如果想得到特殊的文本，基本考慮別的網絡了（比如彎曲文字的檢測）

	def forward(self, x):
		score = self.sigmoid1(self.conv1(x))
		loc   = self.sigmoid2(self.conv2(x)) * self.scope
		angle = (self.sigmoid3(self.conv3(x)) - 0.5) * math.pi
		geo   = torch.cat((loc, angle), 1) 
		return score, geo

三. EAST細節分析

3.1 標簽制作

注意：這里是重點和難點！！！

文章說要把標簽向里縮進0.3

筆者認為這樣做的目的是提取到更為准確的信息，不論是人工標注的好與不好，我們按照0.3縮小之后提取的特征都是全部的文本信息。

但是這樣做也會丟失一些邊緣信息，如果按照上述的推斷，那么SSD或YOLO都可以這樣設計標簽了。

作者肯定是經過測試的，有好處有壞處吧！

圖3-1

標簽格式為：5個geometry（4個location+1個angle） + 1個score ==6 × N × M

其中(b)為score圖，（d）為四個location圖， （e）為angle圖

上圖可能看的不清楚，下面以手繪圖進行說明：

圖3-2

上圖可能看不清楚，下面再用文字大概說一下吧！

先進行0.3縮放，這個時候的圖就是score
以沒縮放的圖像為基准，畫最小外接矩形，這個外接矩形的角度就是angle。這個大小是縮放的的圖大小。感覺直接以score圖做角度也一樣的。
score圖的每個像素點到最小外接矩形的距離為四個location圖。

3.2 LOSS計算

LOSS計算就比較簡單的，直接回歸location、angle、score即可。

	def forward(self, gt_score, pred_score, gt_geo, pred_geo, ignored_map):
		#圖像中不存在目標直接返回0
		if torch.sum(gt_score) < 1:
			return torch.sum(pred_score + pred_geo) * 0
		#score loss 采用Dice方式計算，沒有采用log熵計算，為了防止樣本不均衡問題
		classify_loss = get_dice_loss(gt_score, pred_score*(1-ignored_map))
		#geo loss采用Iou方式計算（計算每個像素點的loss）
		iou_loss_map, angle_loss_map = get_geo_loss(gt_geo, pred_geo)
		#計算一整張圖的loss，angle_loss_map*gt_score去除不是目標點的像素（感覺這句話應該放在前面減少計算量，放在這里沒有減少計算loss的計算量）
		angle_loss = torch.sum(angle_loss_map*gt_score) / torch.sum(gt_score)
		iou_loss = torch.sum(iou_loss_map*gt_score) / torch.sum(gt_score)
		geo_loss = self.weight_angle * angle_loss + iou_loss#這里的權重設置為1
		print('classify loss is {:.8f}, angle loss is {:.8f}, iou loss is {:.8f}'.format(classify_loss, angle_loss, iou_loss))
		return geo_loss + classify_loss

注意：這里score的LOSS使用Dice方式，因為普通的交叉熵無法解決樣本不均衡問題！
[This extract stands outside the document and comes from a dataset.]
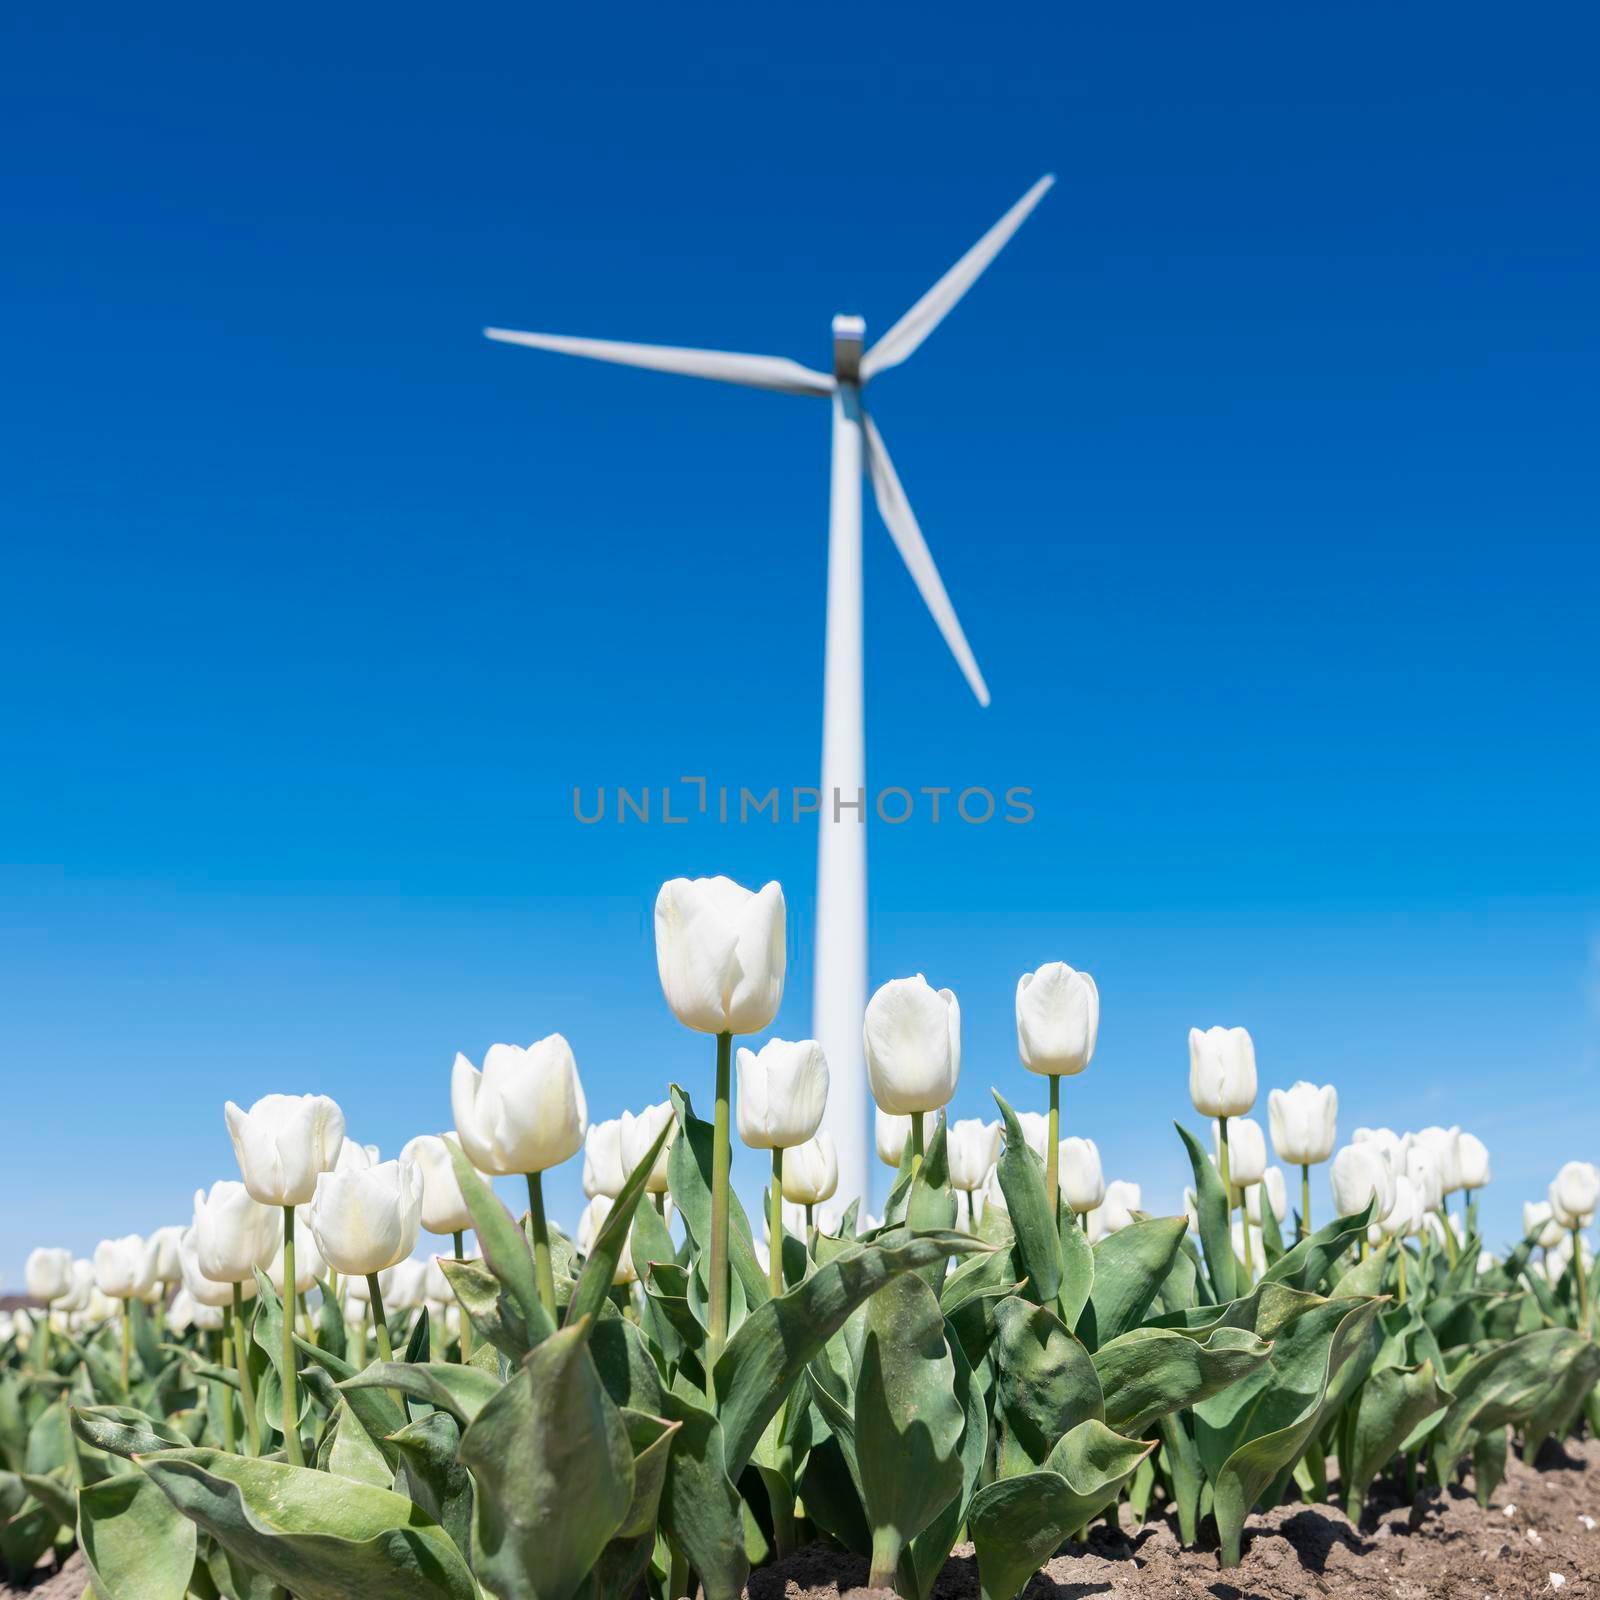 field with white tulips near wind turbines in holland under blue sky by ahavelaar
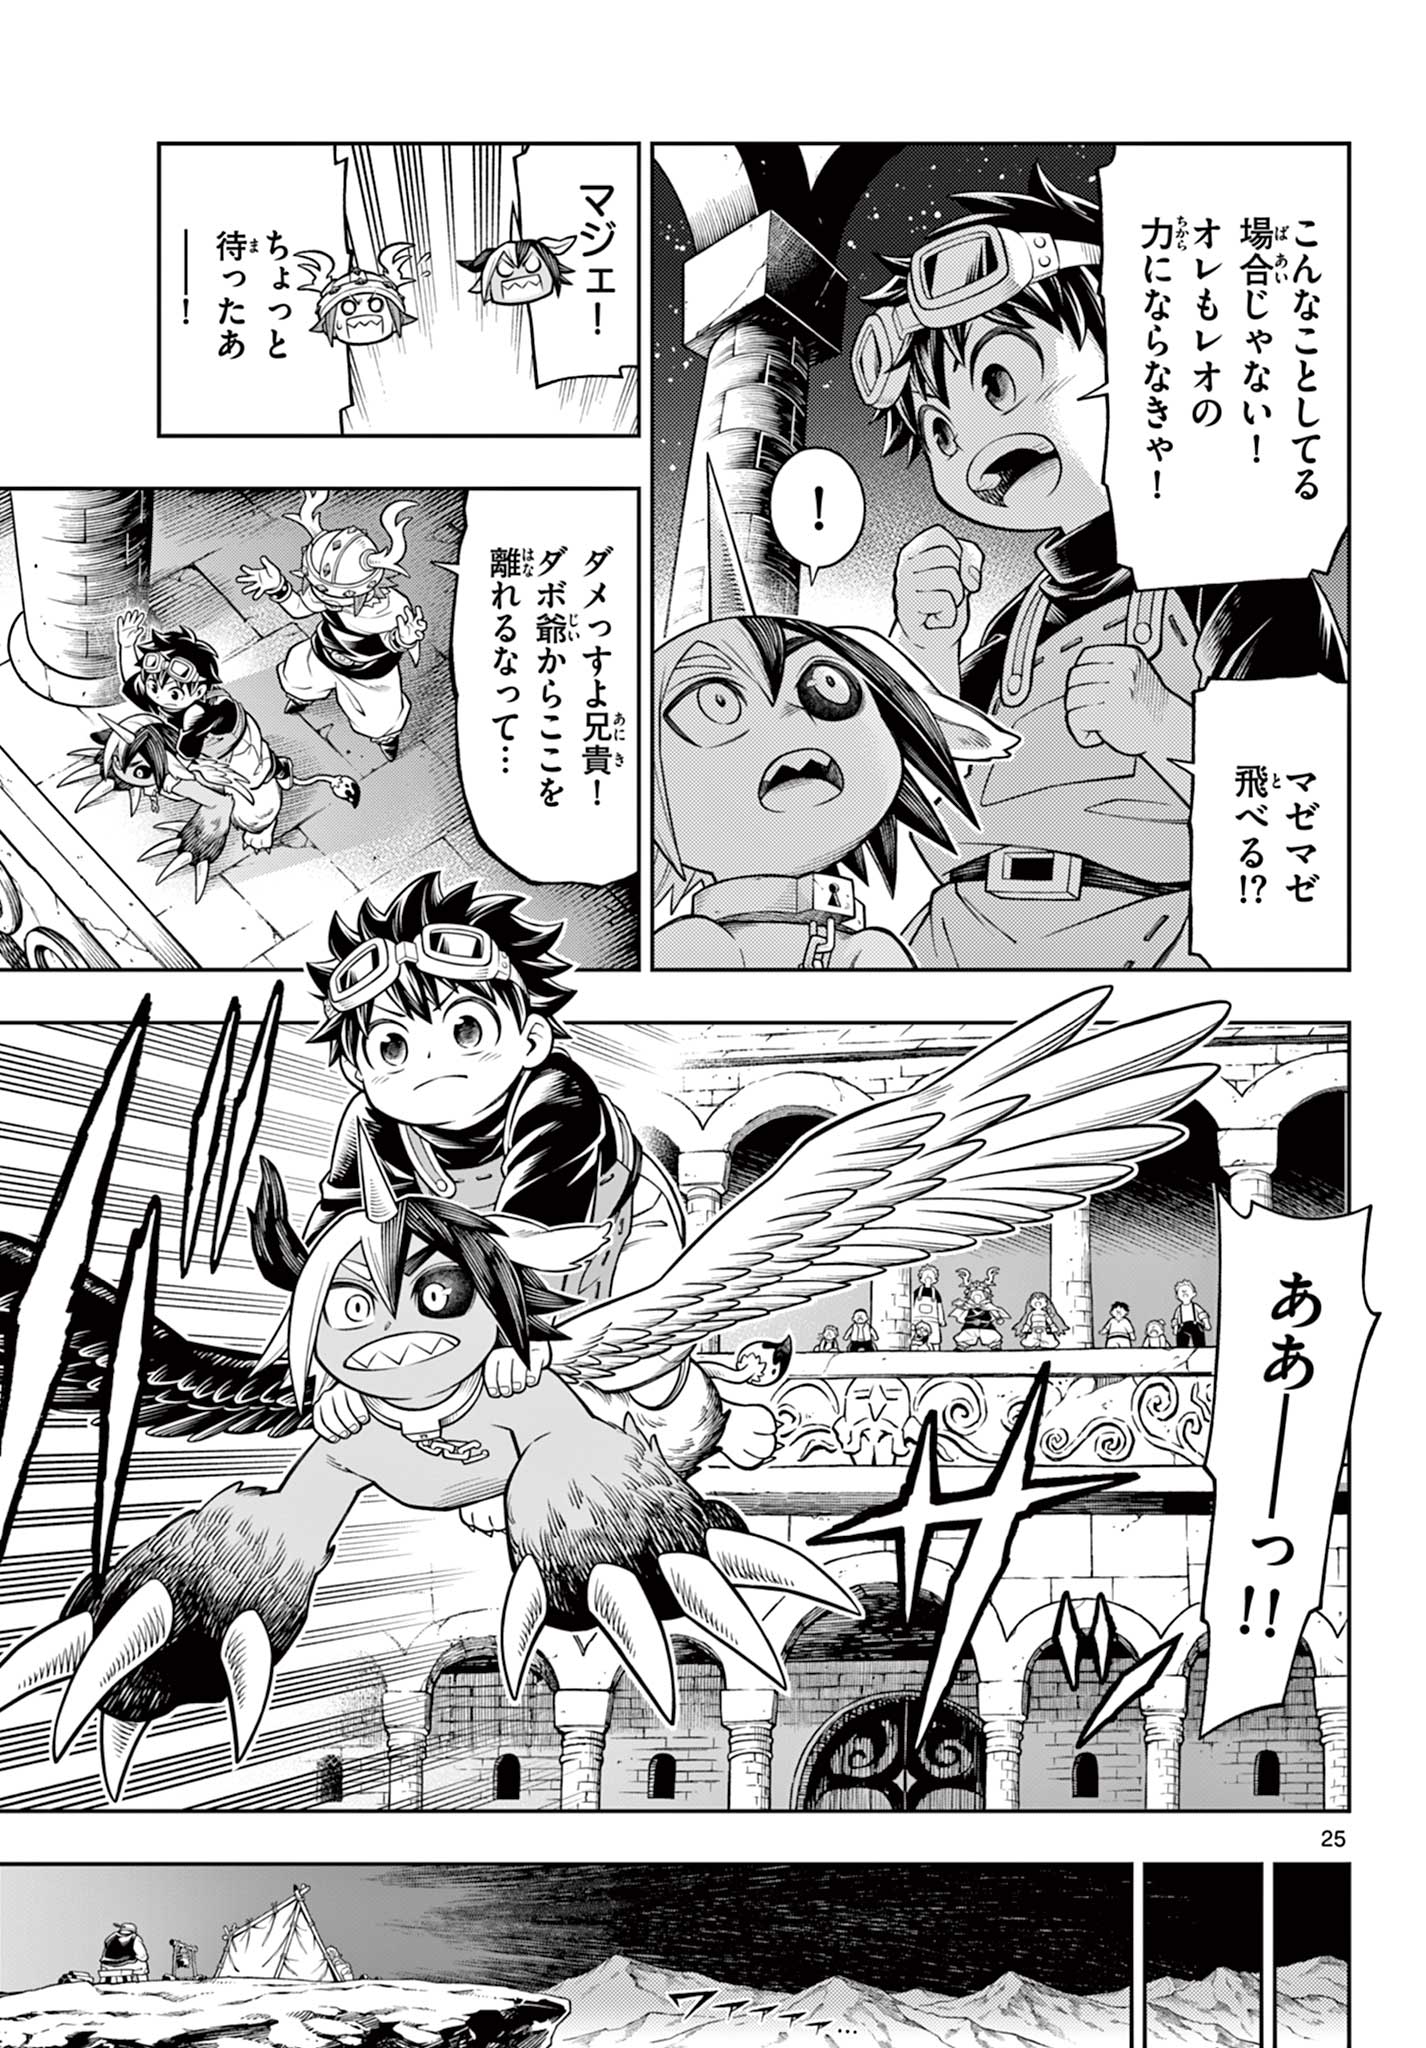 Soara to Mamono no ie - Chapter 28 - Page 25

！！

圖3-3

3.3 NMS計算

NMS使用的是locality NMS，也就是為了針對EAST而提出來的。

首先我們先來看看這個LANMS的原理和過程：

import numpy as np
from shapely.geometry import Polygon

def intersection(g, p):
    #取g,p中的幾何體信息組成多邊形
    g = Polygon(g[:8].reshape((4, 2)))
    p = Polygon(p[:8].reshape((4, 2)))

    # 判斷g,p是否為有效的多邊形幾何體
    if not g.is_valid or not p.is_valid:
        return 0

    # 取兩個幾何體的交集和並集
    inter = Polygon(g).intersection(Polygon(p)).area
    union = g.area + p.area - inter
    if union == 0:
        return 0
    else:
        return inter/union

def weighted_merge(g, p):
    # 取g,p兩個幾何體的加權（權重根據對應的檢測得分計算得到）
    g[:8] = (g[8] * g[:8] + p[8] * p[:8])/(g[8] + p[8])
    
    #合並后的幾何體的得分為兩個幾何體得分的總和
    g[8] = (g[8] + p[8])
    return g

def standard_nms(S, thres):
    #標准NMS
    order = np.argsort(S[:, 8])[::-1]
    keep = []
    while order.size > 0:
        i = order[0]
        keep.append(i)
        ovr = np.array([intersection(S[i], S[t]) for t in order[1:]])
        inds = np.where(ovr <= thres)[0]
        order = order[inds+1]
        
    return S[keep]

def nms_locality(polys, thres=0.3):
    '''
    locality aware nms of EAST
    :param polys: a N*9 numpy array. first 8 coordinates, then prob
    :return: boxes after nms
    '''
    S = []    #合並后的幾何體集合
    p = None   #合並后的幾何體
    for g in polys:
        if p is not None and intersection(g, p) > thres:    #若兩個幾何體的相交面積大於指定的閾值，則進行合並
            p = weighted_merge(g, p)
        else:    #反之，則保留當前的幾何體
            if p is not None:
                S.append(p)
            p = g
    if p is not None:
        S.append(p)
    if len(S) == 0:
        return np.array([])
    return standard_nms(np.array(S), thres)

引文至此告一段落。